Abstract: A 52-year-old woman was found dead on the floor of the living room on the first floor of a house, which belonged to the man with whom she shared the house. On visiting the site, her clothes were found to be undisturbed. Packages of flunitrazepam (Silece, 2 mg/tablet) and triazolam (Halcion, 0.25 mg/tablet) were found strewn around the victim. Toxicological analysis was performed, and the concentrations of flunitrazepam, triazolam, and their metabolites in the victim’s blood and urine were measured by high-performance liquid chromatography coupled with photodiode array and mass spectrometry. A high blood concentration of 7-aminoflunitrazepam was detected (1,270 ng/g), and further metabolites such as 7-acetamidoflunitrazepam, 7-acetamidodesmethylflunitrazepam, and 7-aminodesmethylflunitrazepam were detected in the blood and urine samples. In addition, 4-hydroxytriazolam and α-hydroxytriazolam were detected in her urine at a concentration of 950 and 12,100 ng/mL, respectively.

On the basis of the autopsy findings and toxicology results of high concentrations of both flunitrazepam and triazolam derivatives, the cause of death was determined to be acute intoxication from flunitrazepam and triazolam.

Benzodiazepines exhibit various bioactivities such as sedative, hypnotic, anxiolytic, anticonvulsant, muscle relaxant, and amnesic effects. These properties of benzodiazepines have rendered them useful in the treatment of anxiety, insomnia, agitation, seizures, and muscle spasms. Although they have been widely used over a long period as relatively safe drugs, acute poisoning and forensic intoxication cases have been reported due to benzodiazepine overdose.

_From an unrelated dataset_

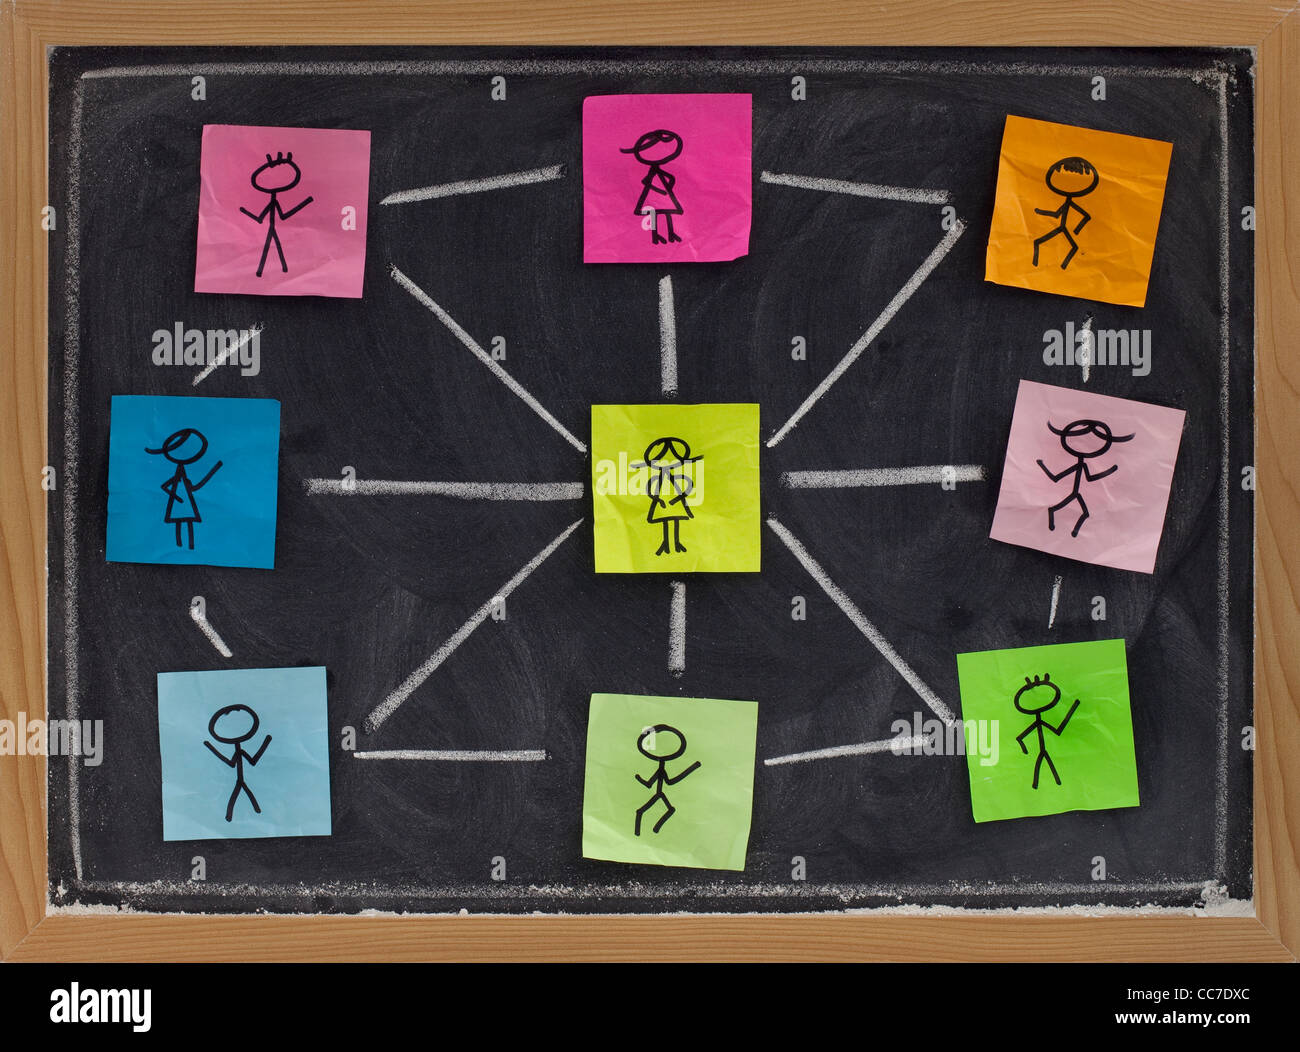 social networking concept - child style drawing and sticky notes on blackboard Stock Photo

A short-intermediate acting drug, flunitrazepam is prescribed for the treatment of severe insomnia. Some forensic reports state flunitrazepam overdose is one of the causes of death.1–4 Many cases of alcohol abuse and overdose of other drugs such as barbiturates and tricyclic antidepressants have also been reported to simultaneously find flunitrazepam from the victims. Alcohol increases not only the concentration of benzodiazepines in blood by restraint of its metabolism, but also the binding affinity of a benzodiazepine to its binding site, resulting in significant potentiation of its depressant effect on the central nervous system and respiratory system. Furthermore, the elderly and patients with chronic illness are considerably more susceptible to a lethal overdose of benzodiazepines; because of their susceptibility, even relatively lower doses tend to be fatal in these individuals.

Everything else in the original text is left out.